To overcome the need to change viewing directions during surgery is the use of mixed reality. We additionally implemented spatial mixed reality by projecting the molecular information in real-time during the acquisition onto the tissue, using a small-size laser projector (BML100PI, Bosch, Germany). In order to avoid disturbances of the laser tracking, the intensity of the projected image is reduced by adjusting the transparency.

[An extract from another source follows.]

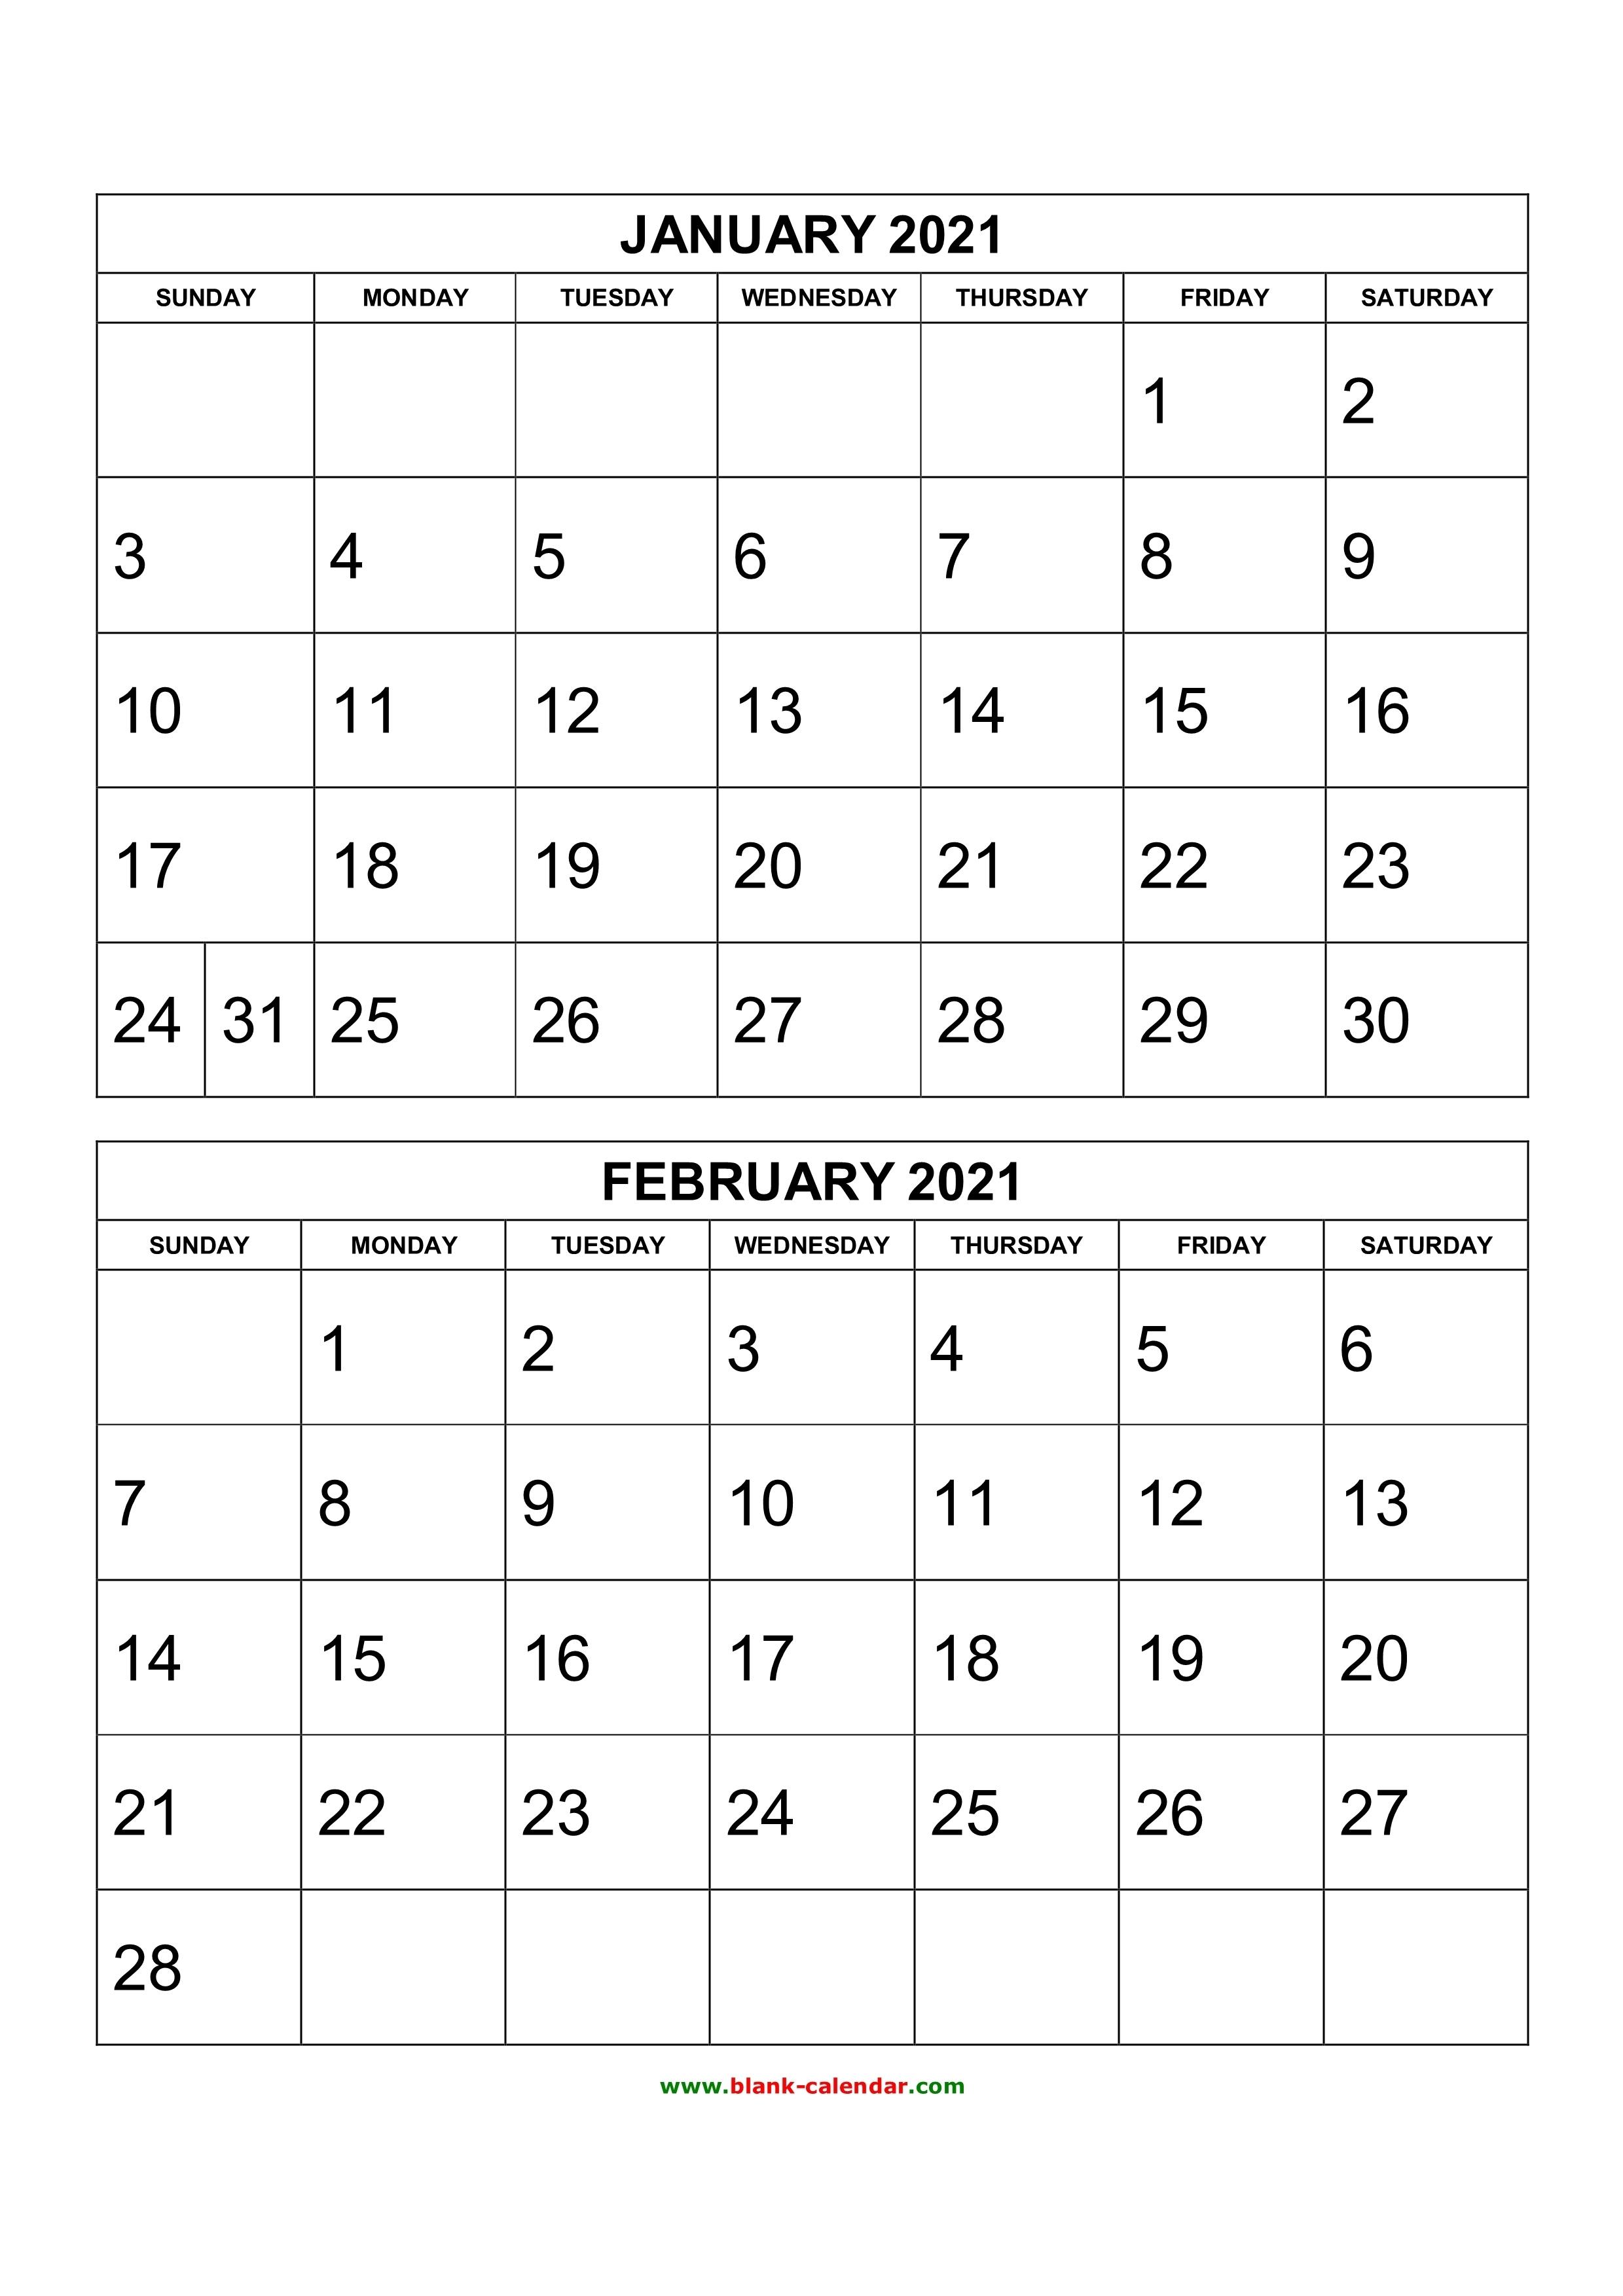 Free Download Printable Calendar 2021, 2 Months Per Page, 6 Free Printable 3 Month Calendar 2021

Characterizing the instrumentation

3D reconstruction

Because in most relevant clinical applications the sample has a topographic profile, we have added photometric stereo to the implementation. To characterize the combination of the proposed Raman imaging approach with the photometric stereo method, a hemisphere phantom was designed and fabricated by 3D printing of Poly (methyl methacrylate) (PMMA), which has slices of every 20° from the center on the horizontal plane and vertical plane, respectively, Fig. 4a₁. Relevant parameters can be found in the top-view, Fig. 4a₂, and three-quarter view, Fig. 4a₃. The basic implementation of the proposed Raman imaging method only allows the reconstruction of information from 2D surfaces, meaning that the information of the present phantom is a projection of the topography to the camera plane, resulting in a compression of the individual points at lower heights, Fig. 4a₂. The laser power and acquisition time was set to ~100 mW and 0.1 s, respectively. The results for the molecular imaging without the topographic assessment are presented for the brightfield image, Raman image, and augmented Raman image in Fig. 4b_1–3, resulting in deviations for tiles lengths located closer to the equator. To reduce these deviations photometric stereo was implemented on the same system, allowing to determine the topological height information and enabling to establish the molecular and height information and a 3D visualization of the molecular signatures. The 3D-surface model of the hemisphere phantom, Supplemental Fig. S4, shows a root-mean-square error (RMSE) and normalized root mean square error (NRMSE) between reconstructed height map and real height map of ~11.9 pixels for ~2.8 mm, corresponding to 0.24 mm/pixel and 10.6%, respectively. The reconstructed 3D image of the hemisphere phantom is shown in Fig. 4c₁ and Fig. 4c₂ with the untextured height scene and textured scene with the brightfield image. The untextured height scene is formed through a mapping of the height information into a CMY (cyan, magenta, and yellow) color scale, while the textured scene was formed by mapping the brightfield image on the height 3D model according to the corresponding pixel coordinates. Because the brightfield image is correlated with the acquired Raman information it is straightforward to map the molecular information on the 3D-surface, forming AR images, Fig. 4c₃, c₄. A video showing the 3D view representation of these images, Fig. 4c_1–4, is found as Supplementary Video 3.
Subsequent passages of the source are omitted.